The talk had gotten so academic that Hugh positively welcomed the diversion when an ouranid appeared. He recognized the individual in spite of her being larger than usual, her globe distended with hydrogen to a full four meters of diameter. This made her fur sparse across the skin, taking away its mother-of-pearl sheen. Just the same, she was a handsome sight as she passed the treetops, crosswind and then downward. Prehensile tendrils streaming below in variable configurations, to help pilot a jet-propelled swim through the air, she hardly deserved the name “flying jellyfish”—though he had seen pictures of Earth-side Portuguese men-of-war and thought them beautiful. He could sympathize with Jannika’s attraction to this race.
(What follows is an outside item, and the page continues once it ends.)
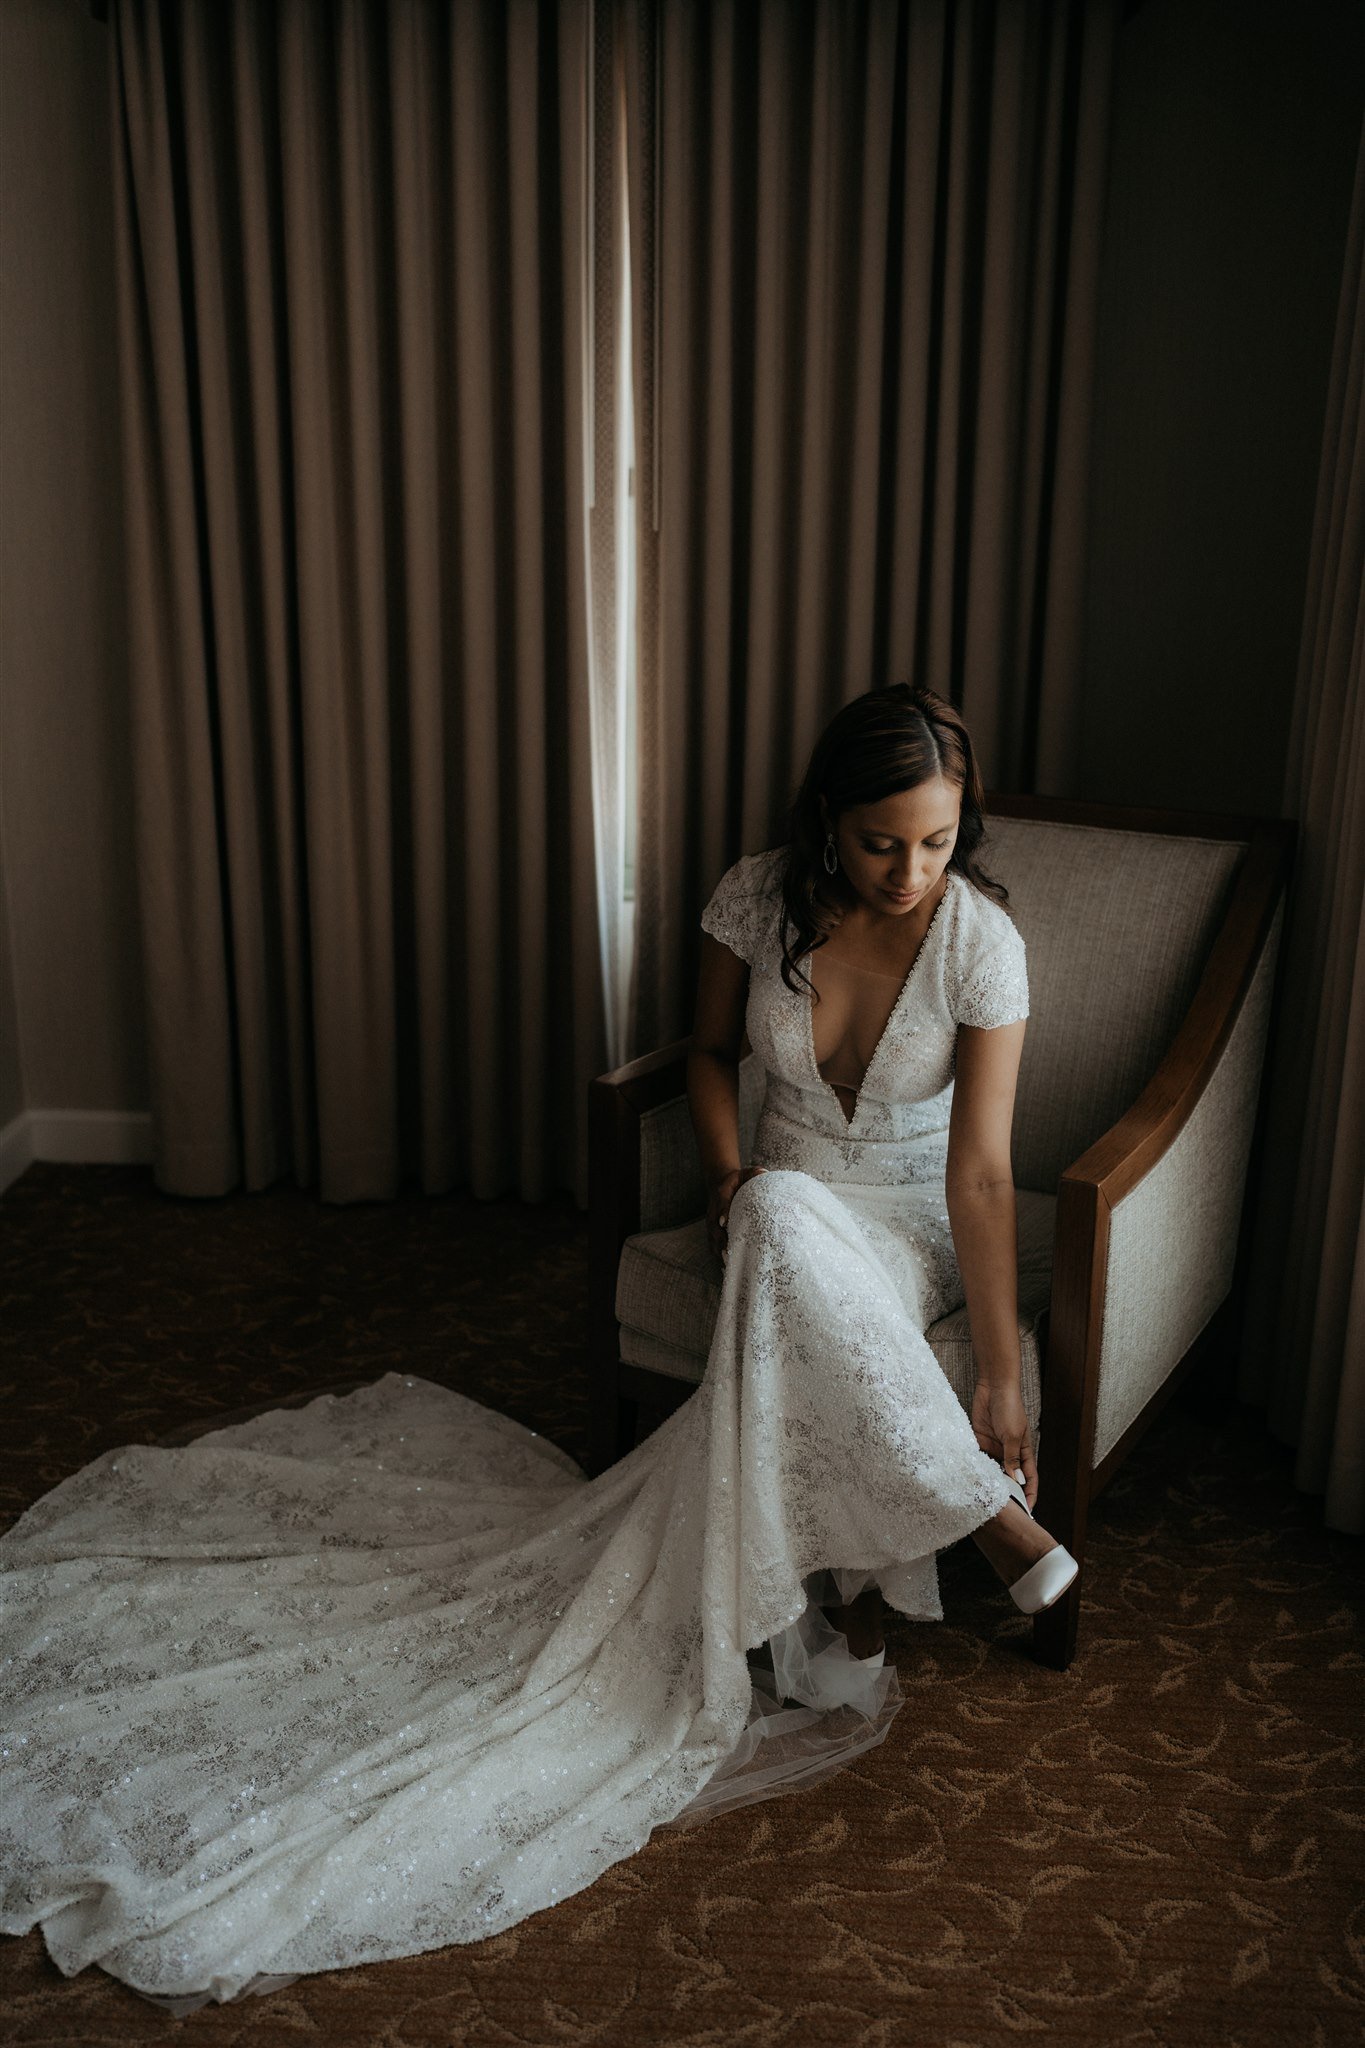 Bride in white sequin dress putting on white heels for Big Sur Elopement

He rose. “Meet a local character,” he invited Chrisoula. “She has a little English. However, don’t expect to understand her pronunciation at once. Probably she’s come to make a quick swap before she rejoins her group for the big affair tonight.”
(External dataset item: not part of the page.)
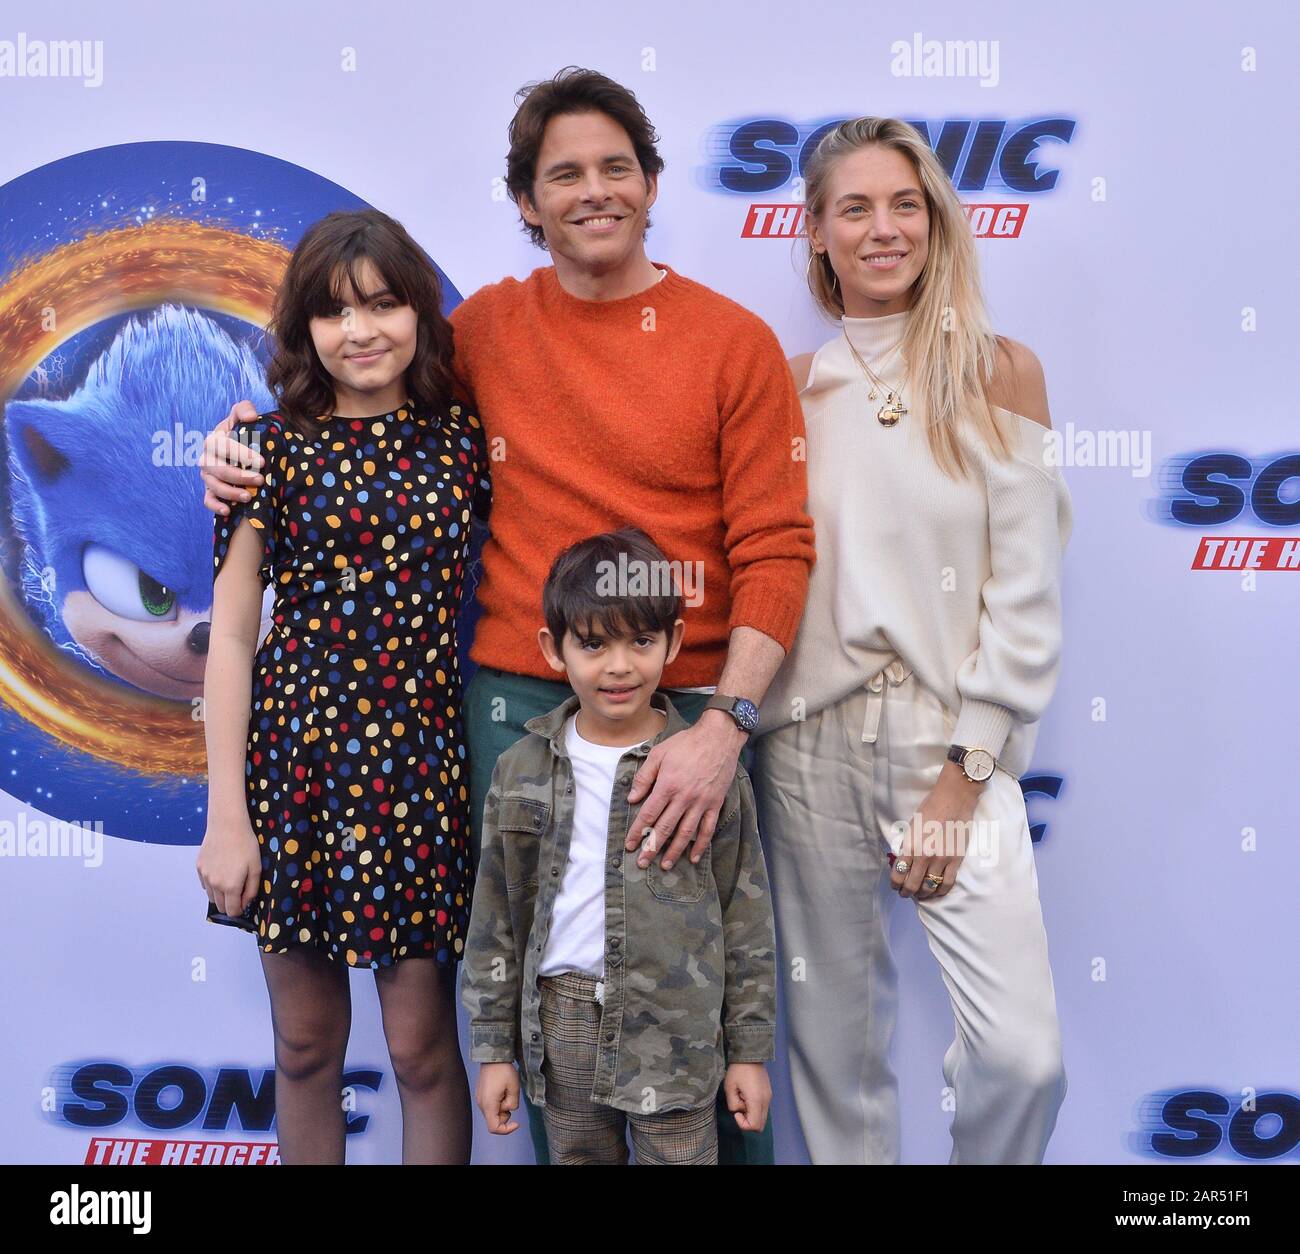 Cast member James Marsden and his family attend the 'Sonic the Hedgehog' family day event on the Paramount Pictures lot in Los Angeles on Saturday, January 25, 2020. Storyline: Based on the global blockbuster videogame franchise from Sega, 'Sonic the Hedgehog' tells the story of the world's speediest hedgehog as he embraces his new home on Earth. Photo by Jim Ruymen/UPI Credit: UPI/Alamy Live News Stock Photo

The woman got up. “Swap? Exchange?”
“Yeah. Niallah answers questions, tells legends, sings songs, demonstrates maneuvers, whatever we request. Afterward we have to play human music for her. Schönberg, usually; she dotes on Schönberg.”
—Loping along a clifftop, Erakoum spied Sarhouth clearly against Mardudek. The moon was waxing toward solar fullness as it crossed that coal-glow. Its di
sc was dwarfed by the enormous body behind, was actually smaller to the eye than the spot which also passed in view, and its cold luminance had well-nigh been drowned earlier when it moved over one of the belts which changeably girded Mardudek. They grew bright after dark, those belts; thinkers like Yasari believed they cast back the light of the suns.
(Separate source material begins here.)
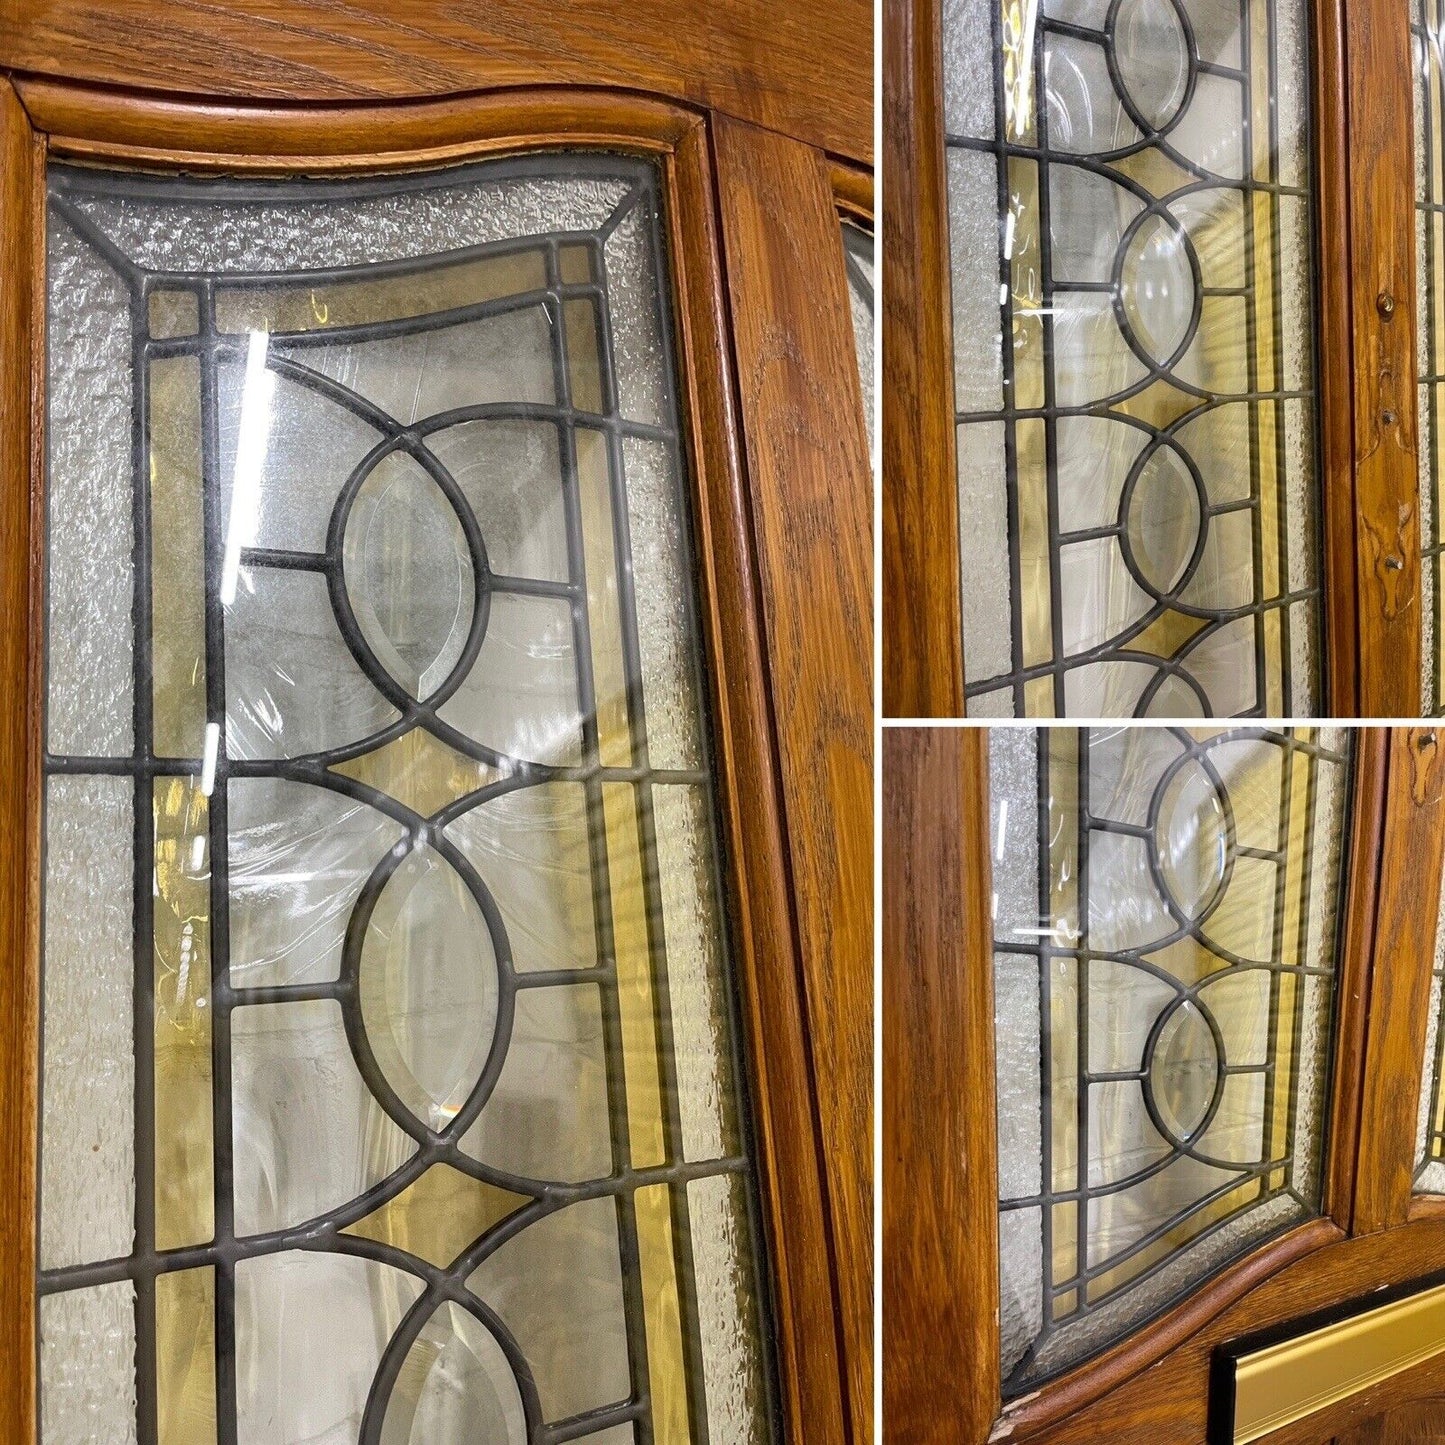 Reclaimed Style Edwardian Modern Stained Glass Front Door 2010 or 2005 x 814mm

For an instant, Erakoum was captured by the image, spheres traveling through unbounded spaces in circles within circles. She hoped to become a thinker herself. But it could not be soon. She still had her second breeding to go through, her second segment to shed and guard, the young that it presently brought forth to help rear; and then she would be male, with begetting of her own to do—before that need faded out likewise and there was time for serenity.
She remembered in a stab of pain how her first birthing had been for naught. The segment staggered about weakly for a short while, until it lay down and died as so many were doing, so many. The Flyers had brought that curse. It had to be them, as the Prophet Illdamen preached. Their new way of faring west when they grew old, never to return, instead of sinking down and rotting back into the soil as Mardudek intended, surely angered the Red Watcher. Upon the People had been laid the task of avenging this sin against the natural order of things. Proof lay in the fact that females who slew and ate a Flyer shortly before mating always shed healthy segments which brought forth live offspring.
Erakoum swore that tonight she was going to be such a female.
She stopped for breath and to search the landscape. These precipices rimmed a fjord whose waters lay more placid than the sea beyond, brilliant under the radiance from the east. A dark patch bespoke a mass of floating weed. Might it be plants of the kind from which the Flyers budded in their abominable infancy? Erakoum could not tell at her distance. Sometimes valiant members of her race had ventured out on logs, trying to reach those beds and destroy them; but they had failed, and often drowned, in treacherous great waves.